Task requirements: The lines below, from the one containing "Bob Odenkirk Opens" through the one containing "It is of superb", should be set down exactly, with no pictures and nothing else.

Excerpted records:
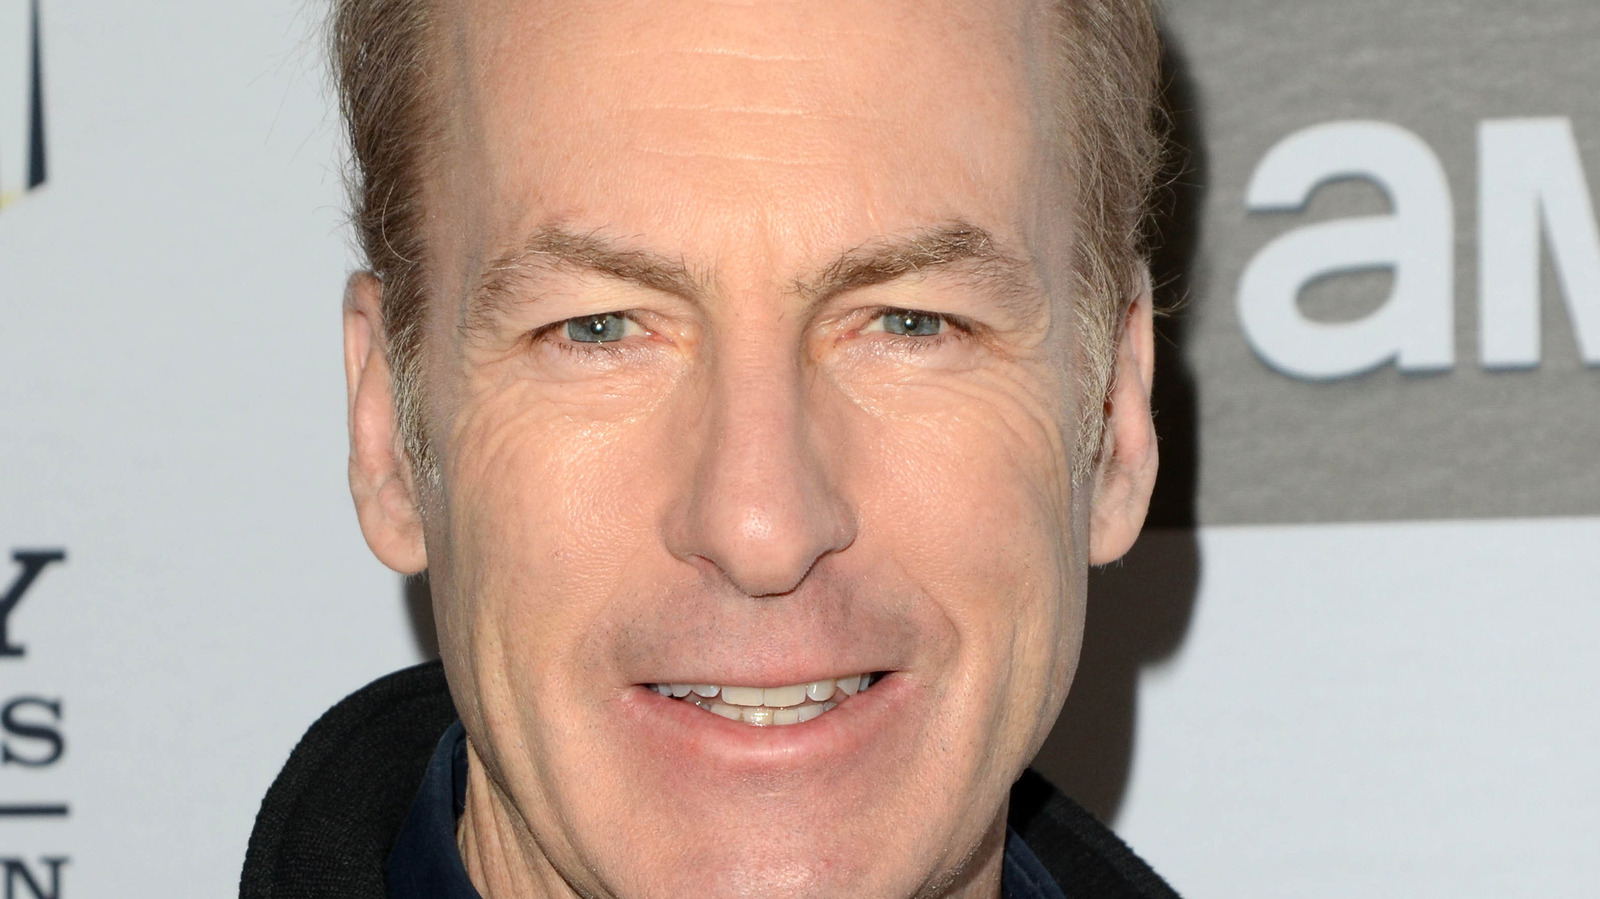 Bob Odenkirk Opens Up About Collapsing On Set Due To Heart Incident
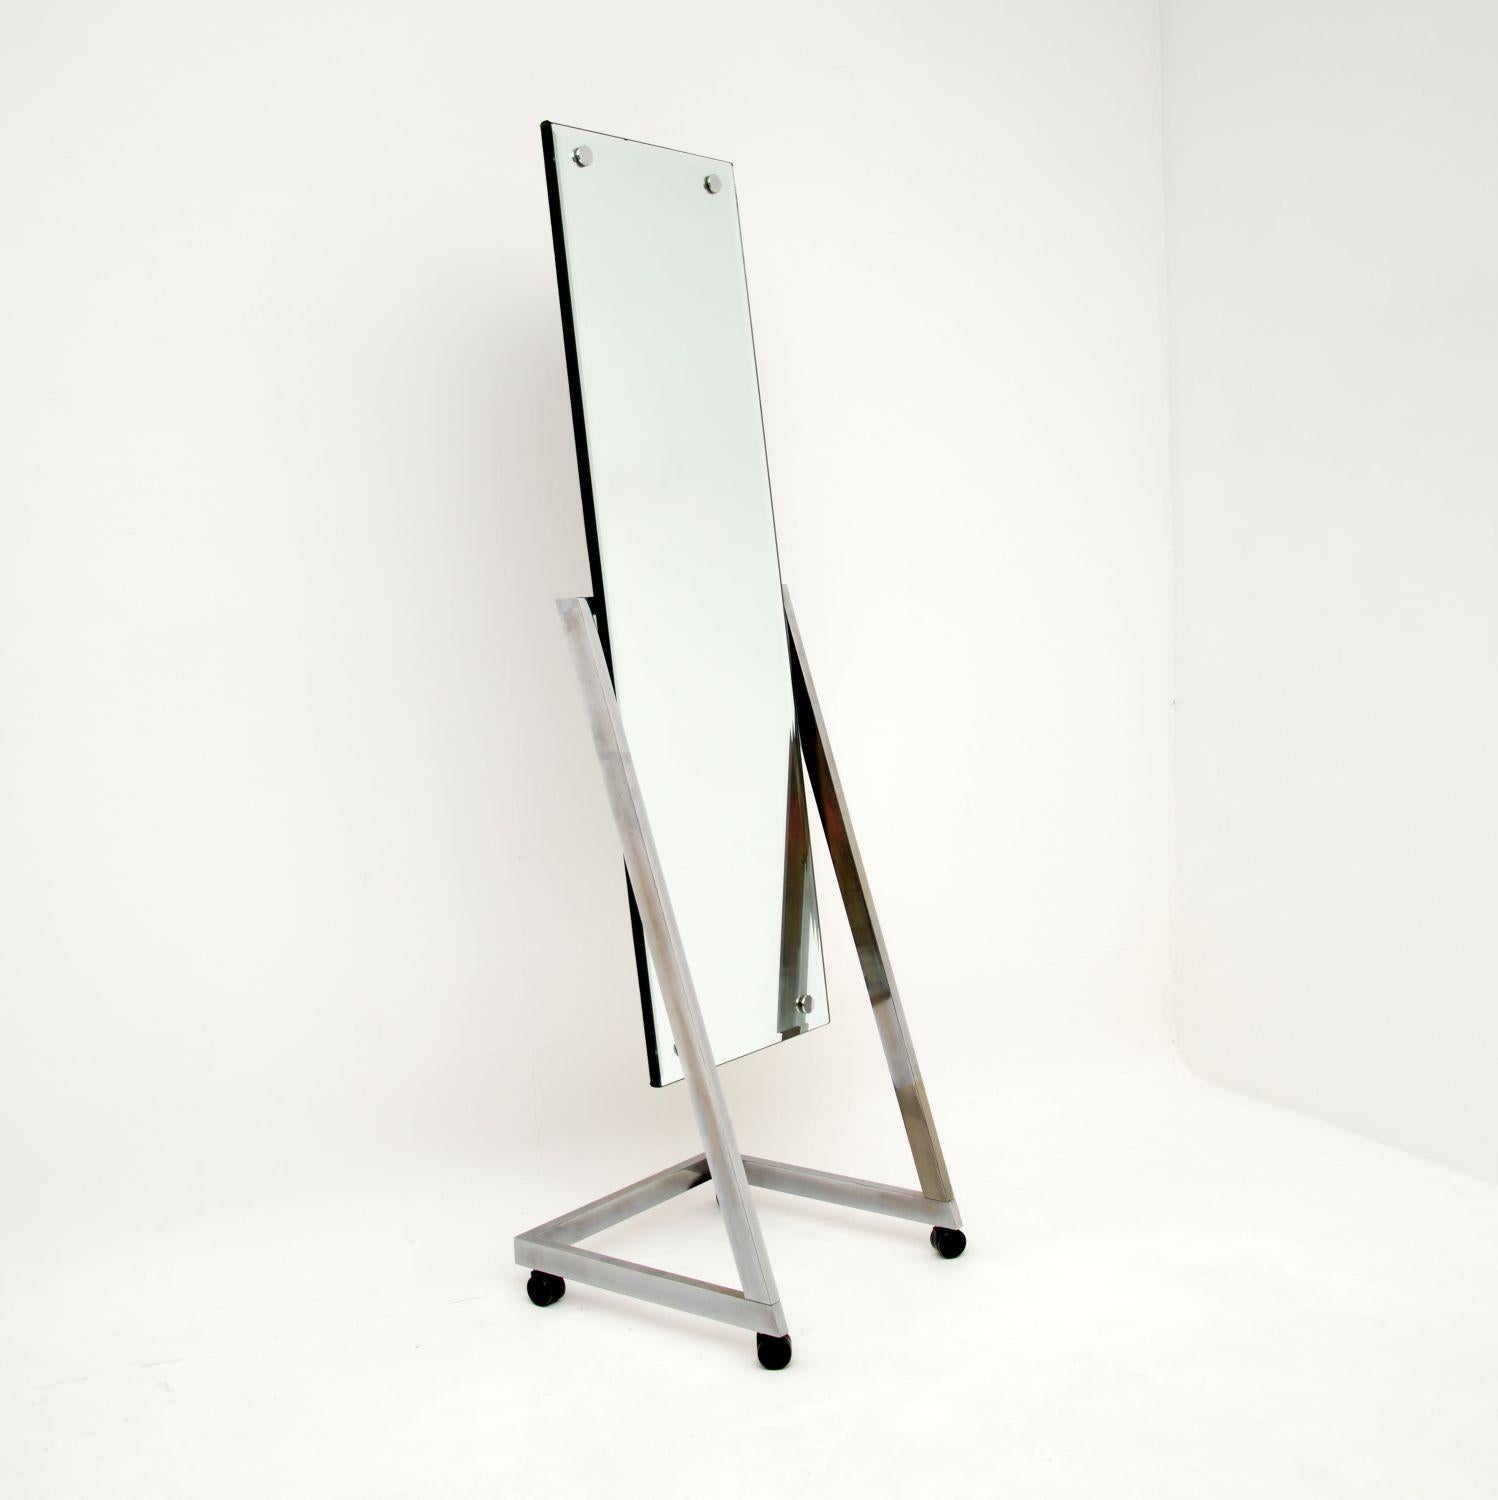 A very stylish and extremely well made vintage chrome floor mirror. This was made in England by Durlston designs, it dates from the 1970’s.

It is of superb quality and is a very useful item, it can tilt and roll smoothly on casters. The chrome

---

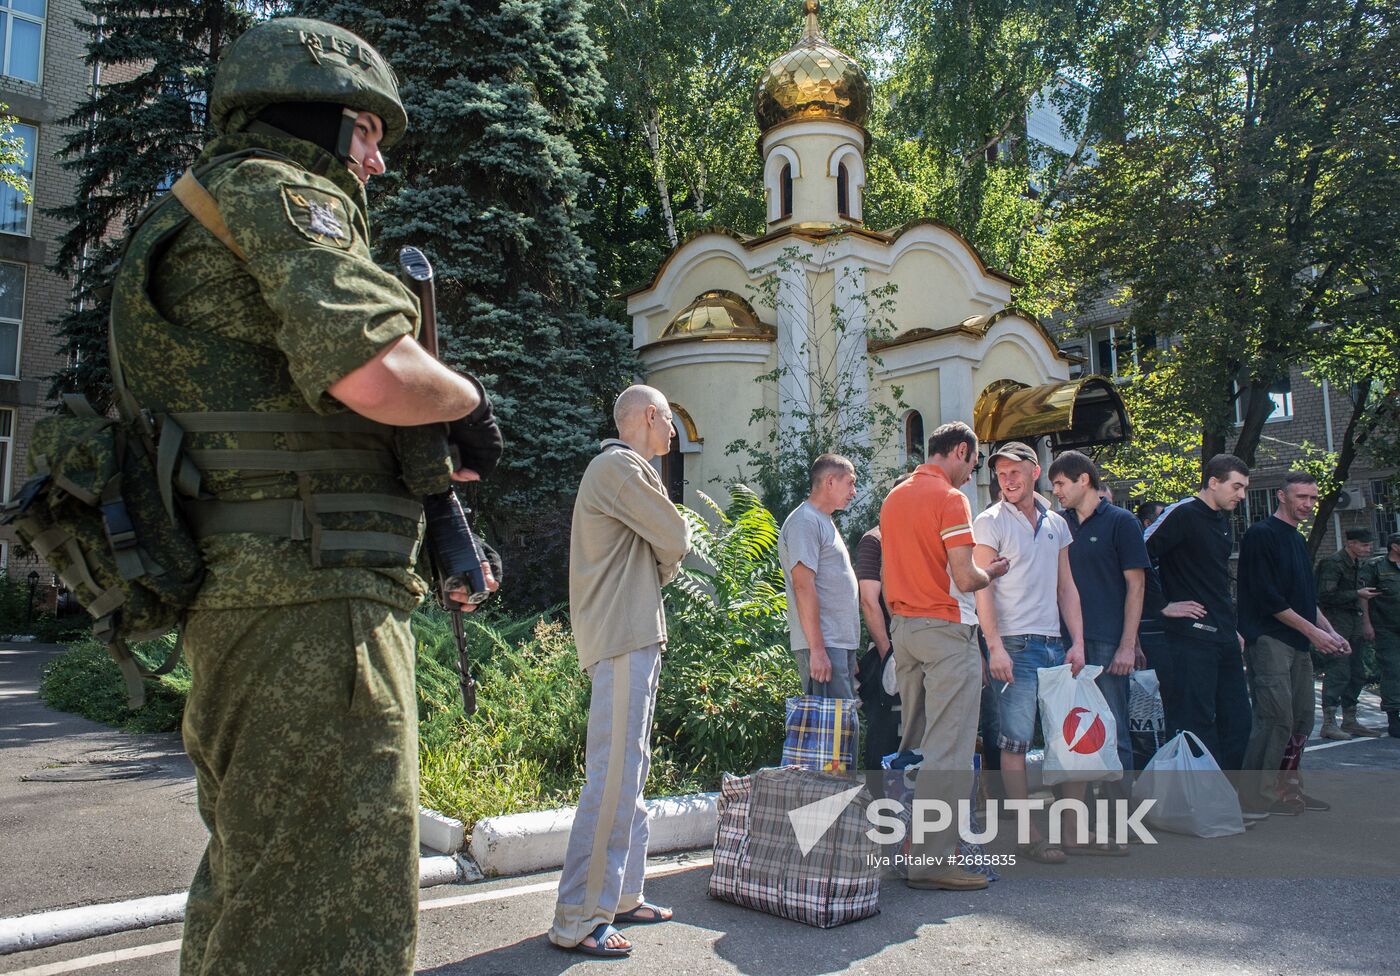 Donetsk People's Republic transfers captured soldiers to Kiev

Response box:
 Bob Odenkirk Opens Up About Collapsing On Set Due To Heart Incident
 A very stylish and extremely well made vintage chrome floor mirror. This was made in England by Durlston designs, it dates from the 1970’s.

It is of superb quality and is a very useful item, it can tilt and roll smoothly on casters. The chrome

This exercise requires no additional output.